O_{1} (x, y) = a (x, y) + b (x, y) \cos [2 π f_{0} x + φ_{O} (x, y)]

O_{2} (x, y) = a (x, y) + b (x, y) \cos [2 π f_{0} x + φ_{O} (x, y) + π]

Therefore, the differences between Eq. (3) and Eq. (4) is:

O_{0} (x, y) = O_{1} (x, y) - O_{2} (x, y) = 2 b (x, y) \cos [2 π f_{0} x + φ_{O} (x, y)]

Same processes are carried out to

I (x, y)

and the same equation can be obtained:

I_{0} (x, y) = I_{1} (x, y) - I_{2} (x, y) = 2 b (x, y) \cos [2 π f_{0} x + φ_{I} (x, y)]

It can be seen that there is no zero component in Eq. (5) and (6) after the Fourier transform.
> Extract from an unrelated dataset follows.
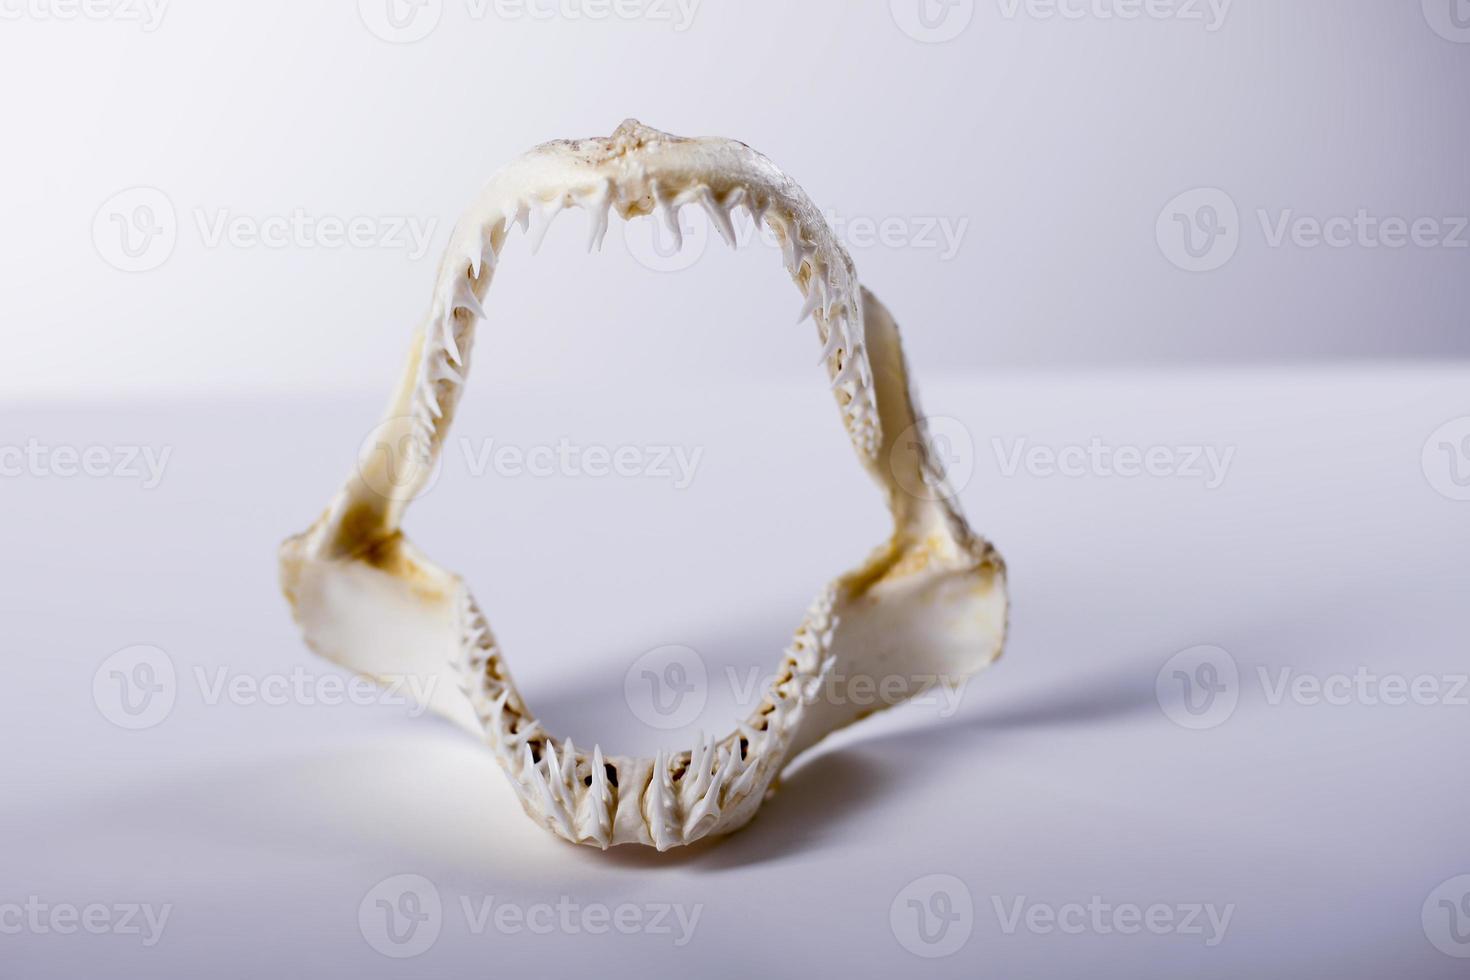 ensaio de estúdio de mandíbulas de tubarão foto

Thus, the fundamental component can be extended toward lower frequencies near 0 and toward higher frequencies, of at least 2 times the fundamental frequency. Therefore, improved Fourier transform profilometry gives us an expanded measurement range compared to normal Fourier transform profilometry. Detailed explanations can be found in [19].

Fig. 3 Spatial frequency spectra of deformed grating pattern.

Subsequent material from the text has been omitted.